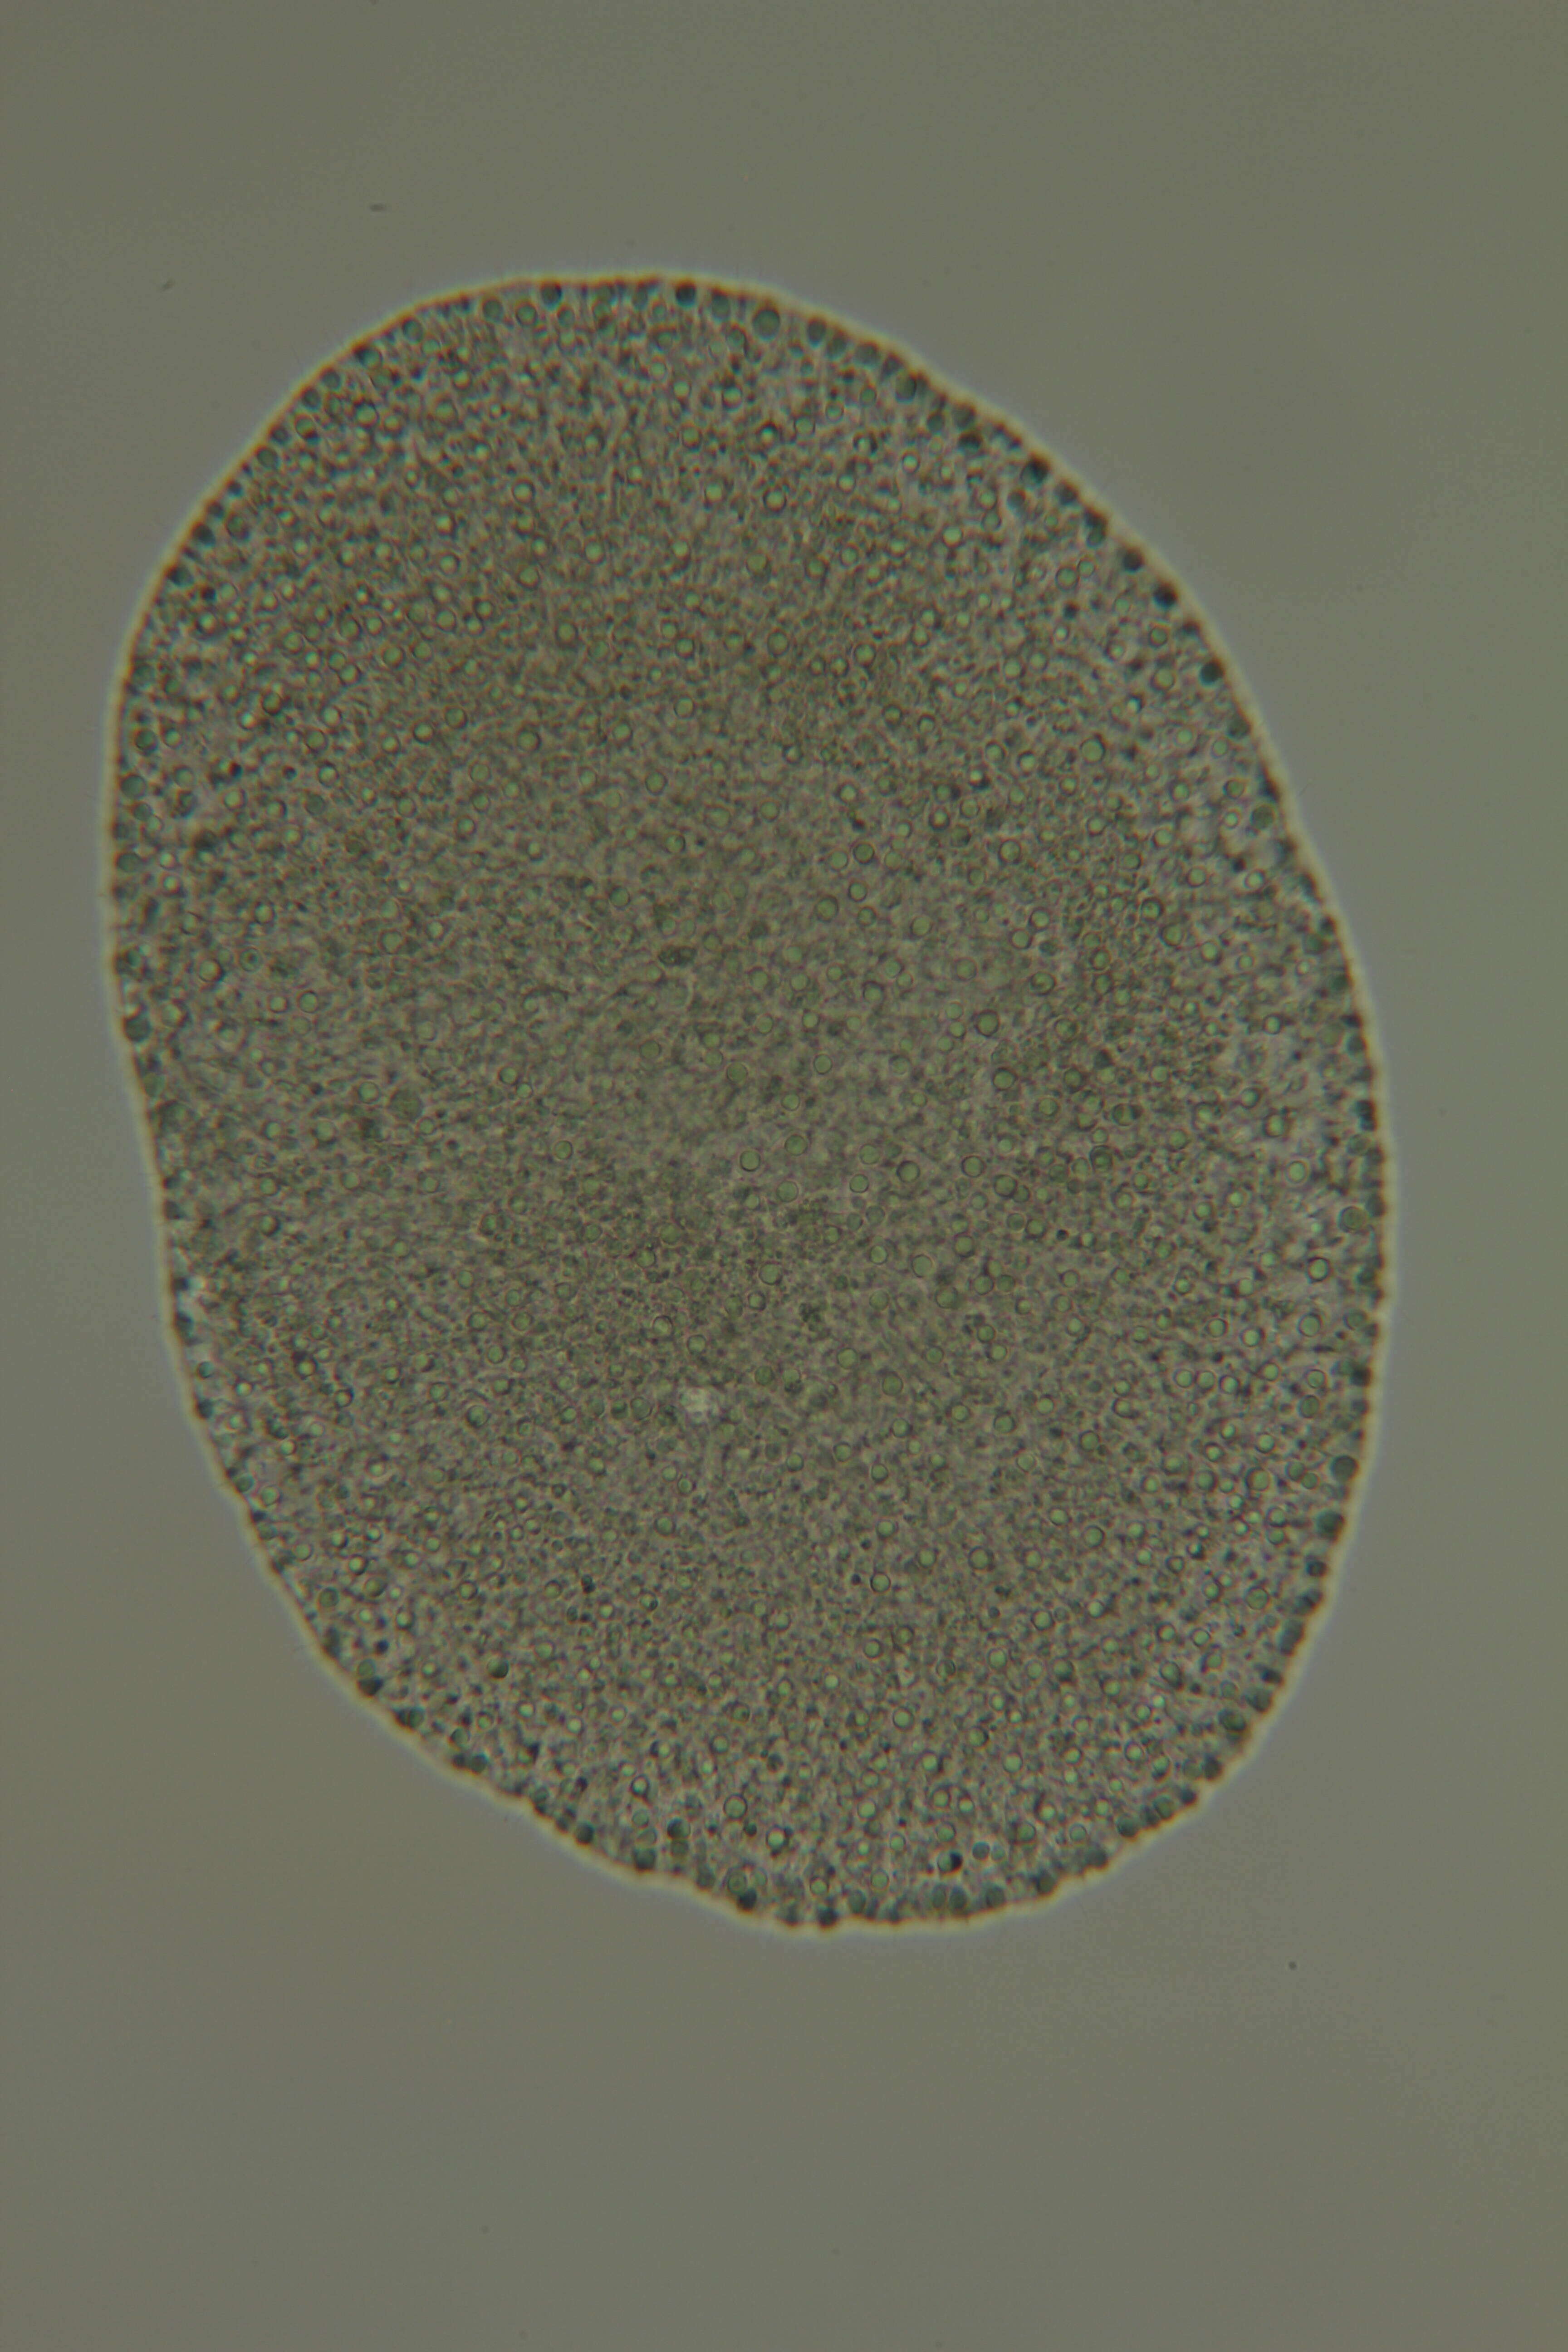 Image of placozoans
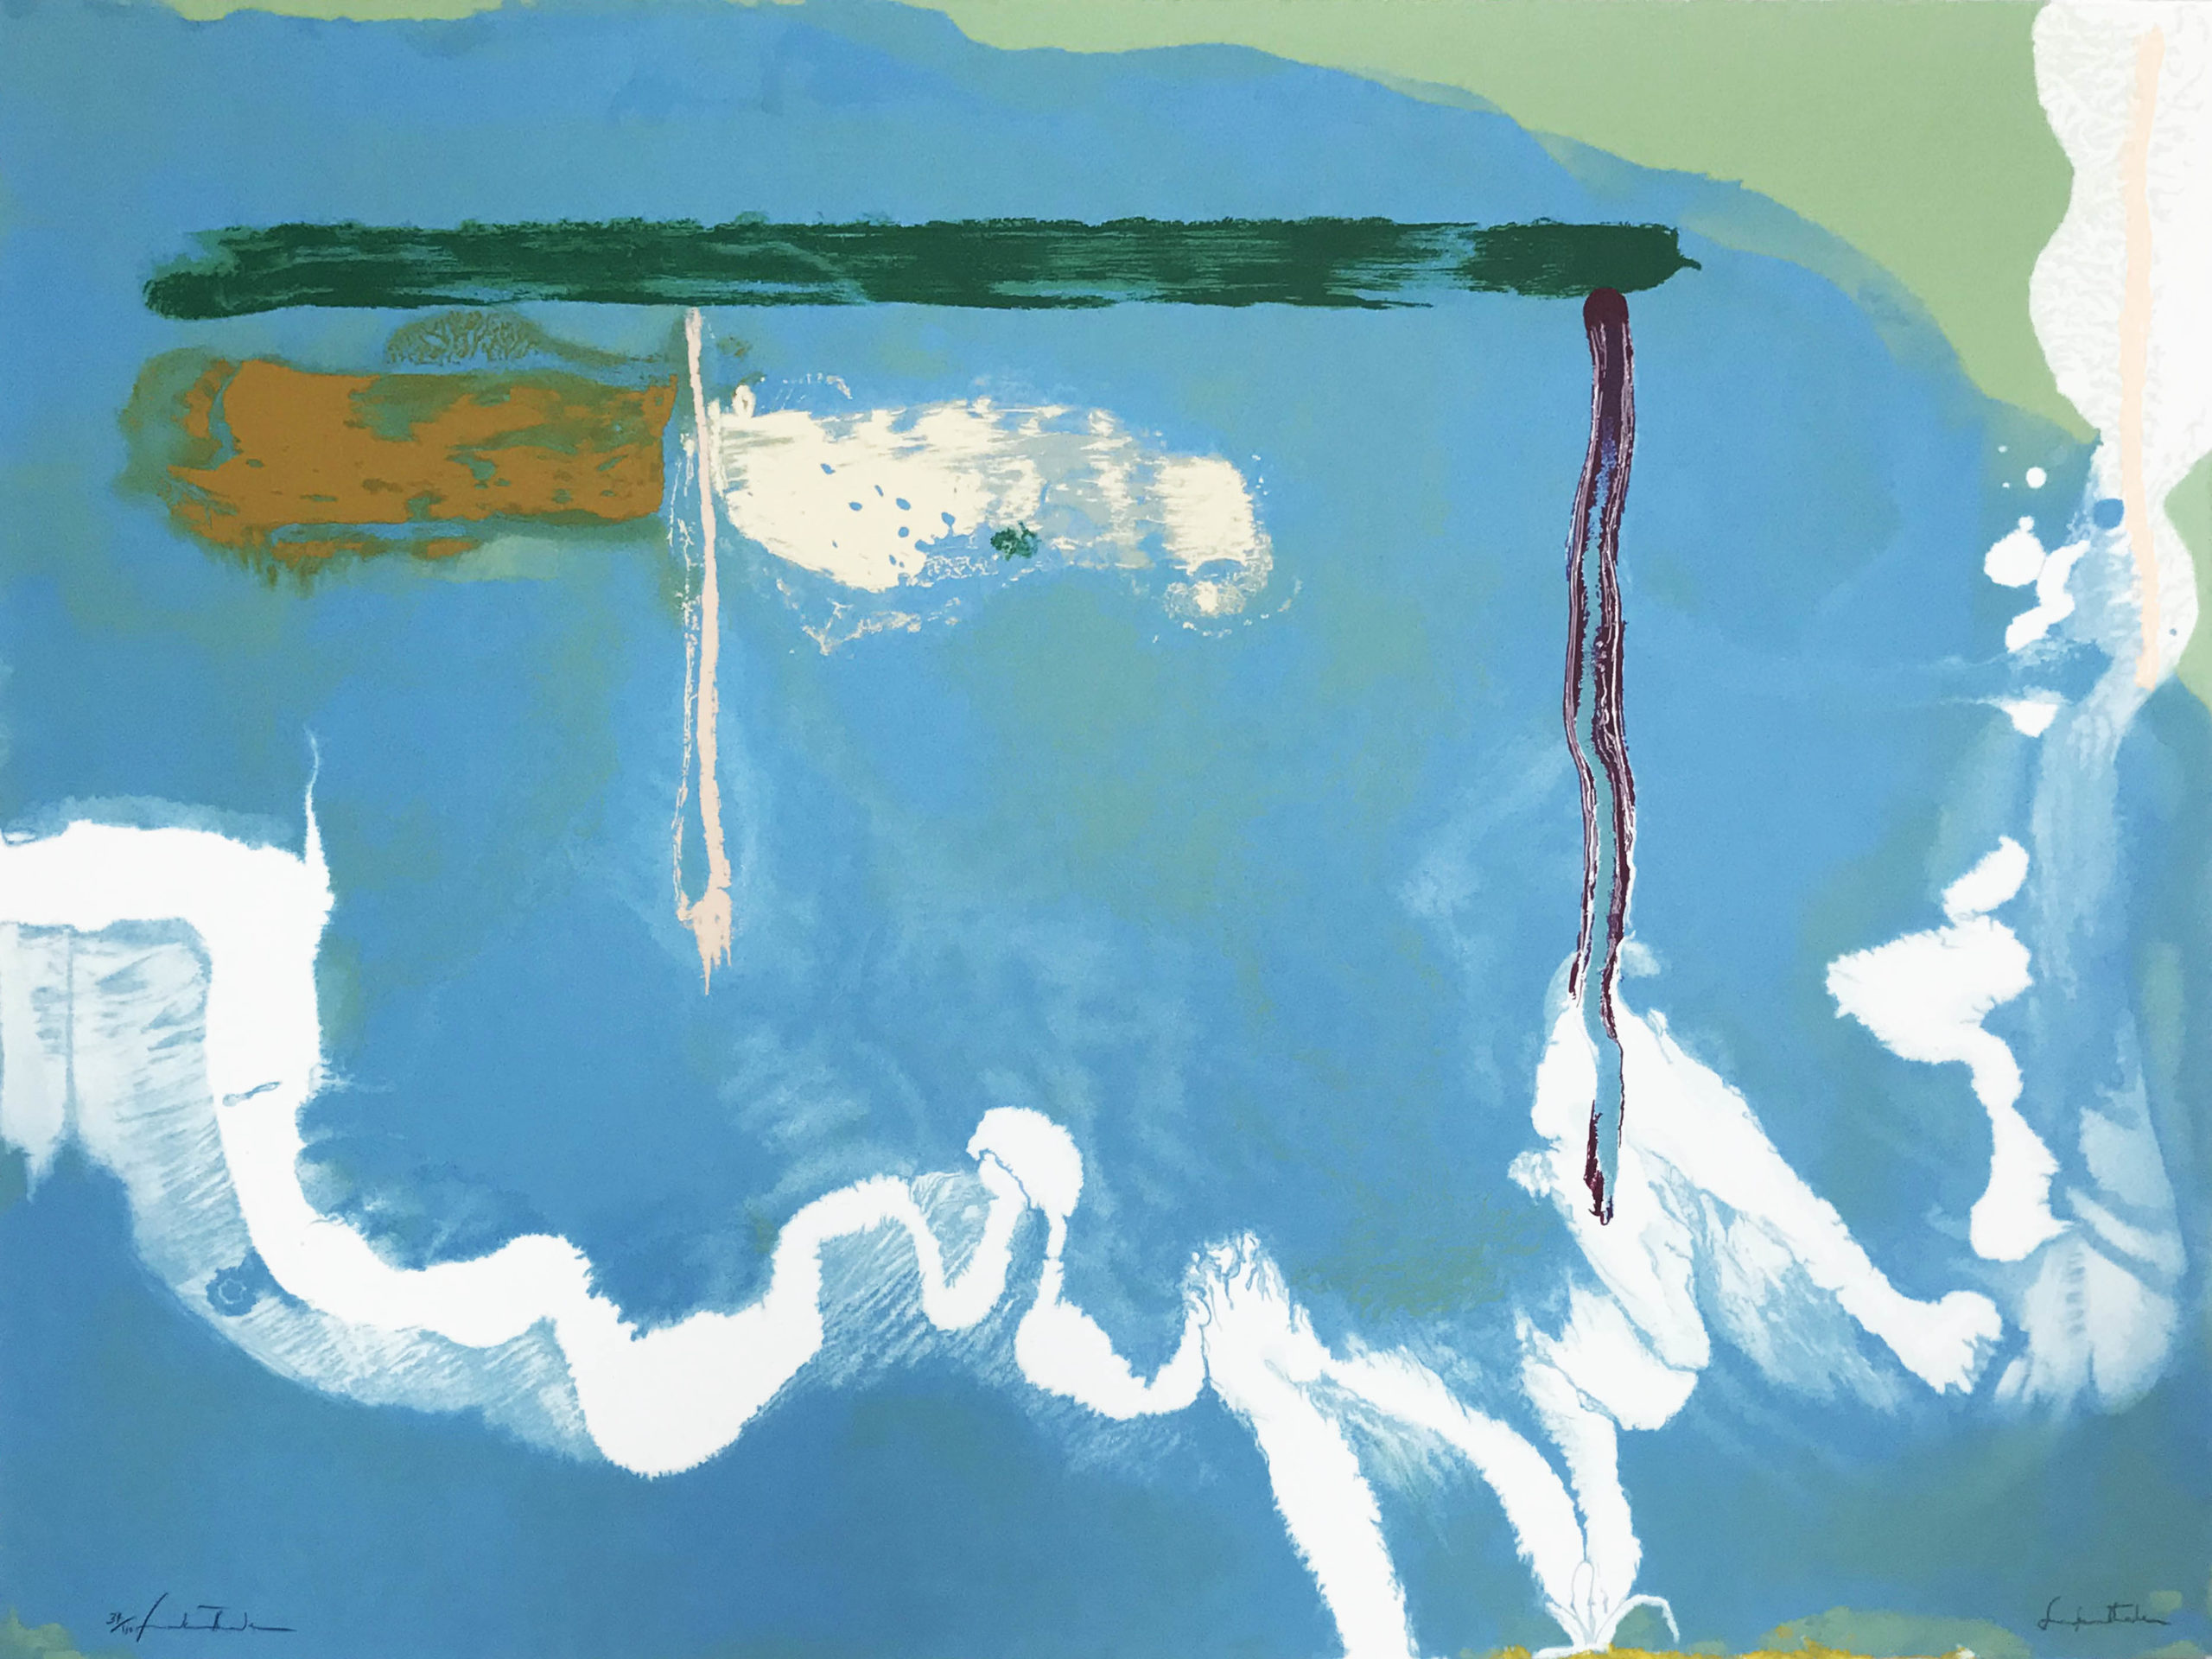 Helen Frankenthaler | Skywriting
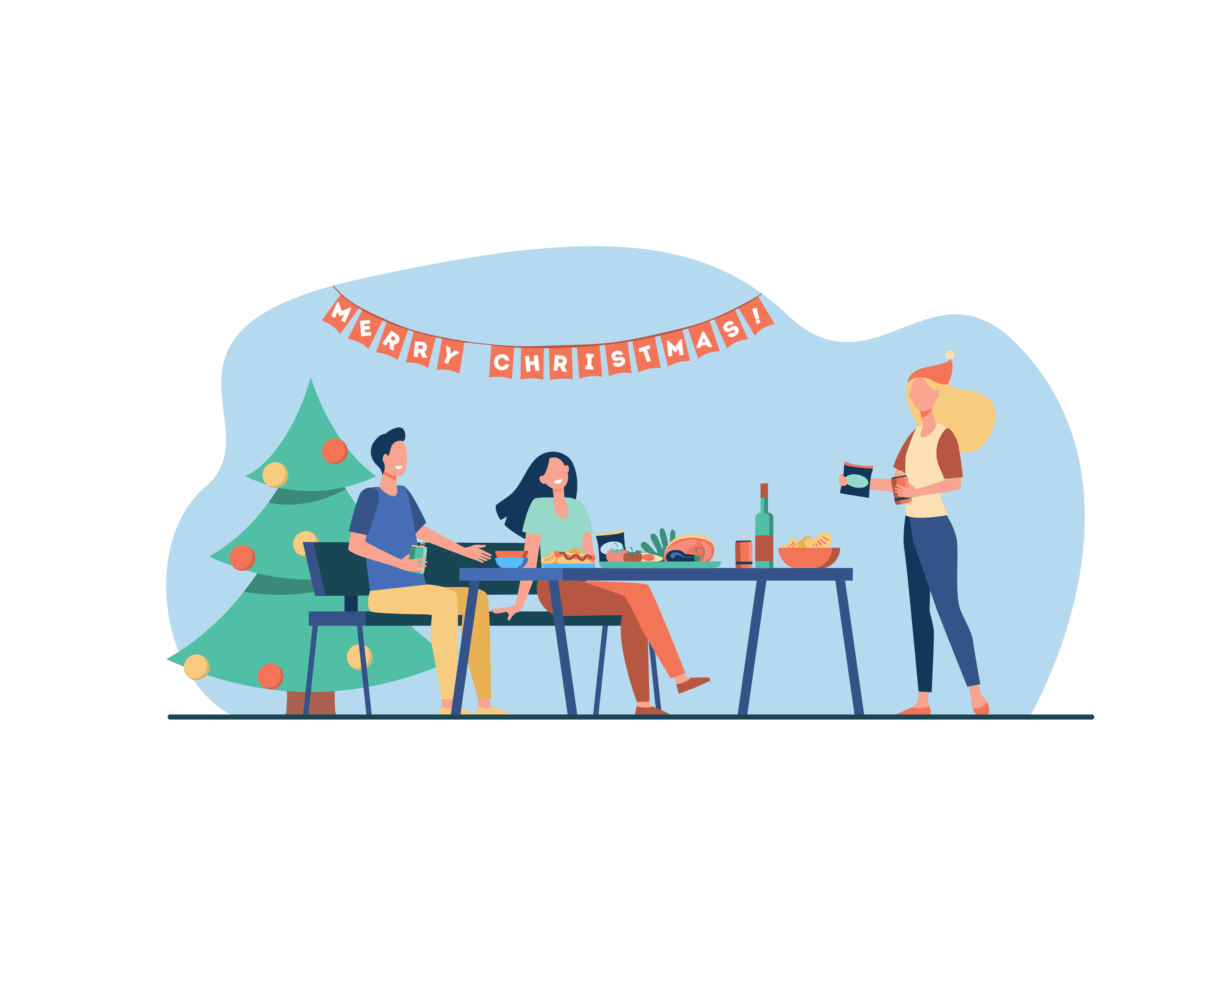 Illustration of people enjoying a Christmas feast

= Problem to work on =
A verbatim copy is needed of the lines running from the line with "Helen Frankenthaler | Skywriting" to the end of the data above, both included. Keep the pictures out of it.

= Result of this task =
 Helen Frankenthaler | Skywriting
 Illustration of people enjoying a Christmas feast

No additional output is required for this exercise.